14 Sep 2021
Another year, another successful Google Summer of Code! We had
two fantastic projects this year, including the first trials of our MDAKit model for building an ecosystem of analysis modules. Both projects were a resounding success and represent an exciting new direction for MDAnalysis. None of this would have been possible without our wonderful students: Estefania Barreto-Ojeda (@ojeda-e), and Orion Cohen (@orioncohen).
You can read more about their projects and packages in their blog posts:
We have immensely enjoyed working with Estefania and Orion and look forward to seeing how they continue to contribute to the MDAnalysis community, and where they take their science next.

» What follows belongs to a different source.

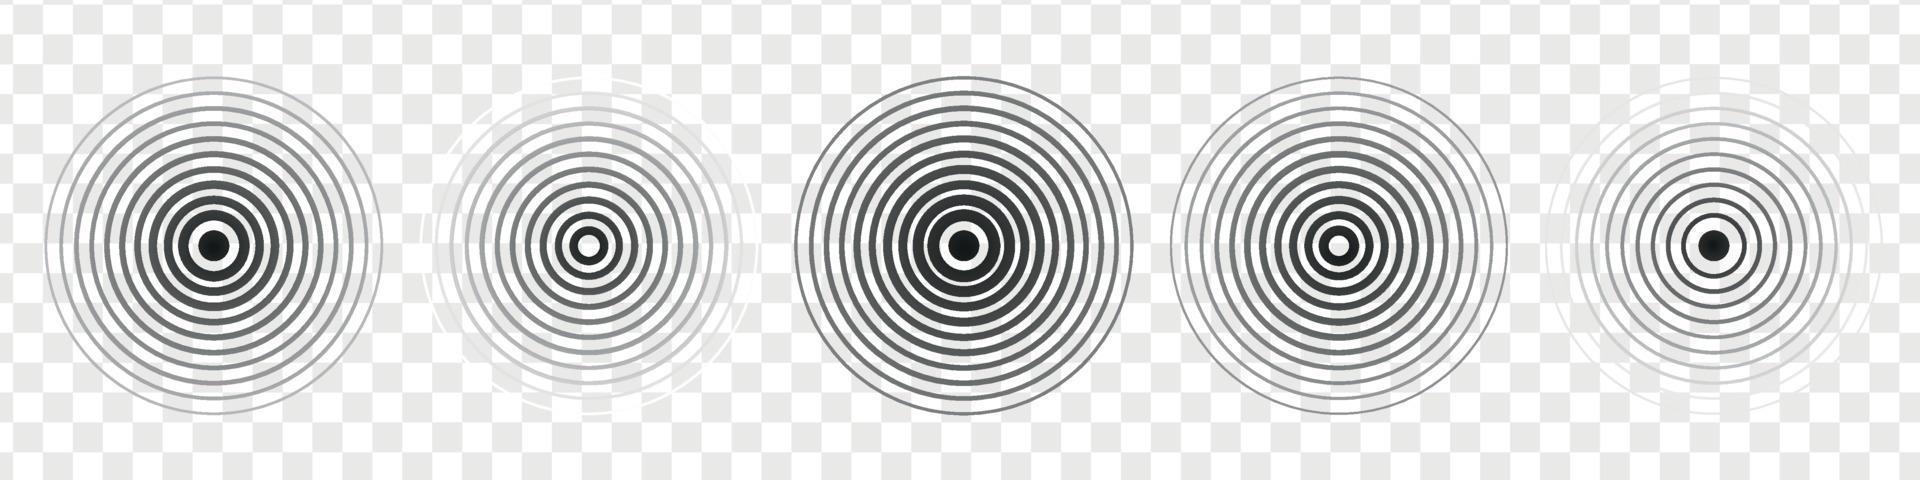 onda de sonido de sonar. círculo concéntrico de la señal. Señal radial de vibraciones. ilustración vectorial aislada vector

— Mentors @hmacdope, @lilyminium, @richardjgowers, @fiona-naughton, @orbeckst, @IAlibay
02 Sep 2021
Motivation
My research seeks to discover new materials for battery electrolytes. In particular, I use molecular dynamics and ab initio methods to computationally probe new electrolyte compositions. In my work, a core challenge is scaling up. A molecular dynamics trajectory is a rich and complex data structure, thorough analysis requires interactive visualization and data labeling. Automating this sort of interactive analysis is difficult, but to scale up to hundreds or thousands of electrolytes, it needs to be done.
I applied for Google Summer of Code because I felt that MDAnalysis was the best available tool for the automated analysis of MD trajectories. My aim was to build an abstraction around solvation that would make writing automated analysis methods much easier. Over the past few months, I’ve done that. I am now working to refine the API and implement new methods to extract more information from MD simulations. In time, this will fit into a broader workflow that will enable the autonomous exploration of novel electrolytes.
Retrospective
At the outset of my GSoC project, I hoped to create a package with:
- Functions for selecting the solvation shells of ions.
- Automated analysis of ion coordination environment.
- Documentation, testing, and well-written code.
After 10 weeks of working with the MDAnalysis team, the solvation_analysis package vastly exceeds that original intent. There is a robust and simple API, the functionality generalizes to non-ionic systems, solvation distances are automatically identified, and it’s really fast. Further, I’ve learned a huge amount about software development, the package release cycle, and the world of open-source.
In this post, I will summarize my contributions to solvation_analysis
and several features of the package.
My Summer in Pull Requests
Template for a snazzy package
PR #7 and #20
My summer began with a duo of pull requests. PRs #7 and #20 filled out the template generated by the MolSSI cookiecutter, creating a fashionable scaffold that my code could fit into. In essence, the PRs set up the trappings of a real package, assuring users (and myself) of a certain core competence in the development.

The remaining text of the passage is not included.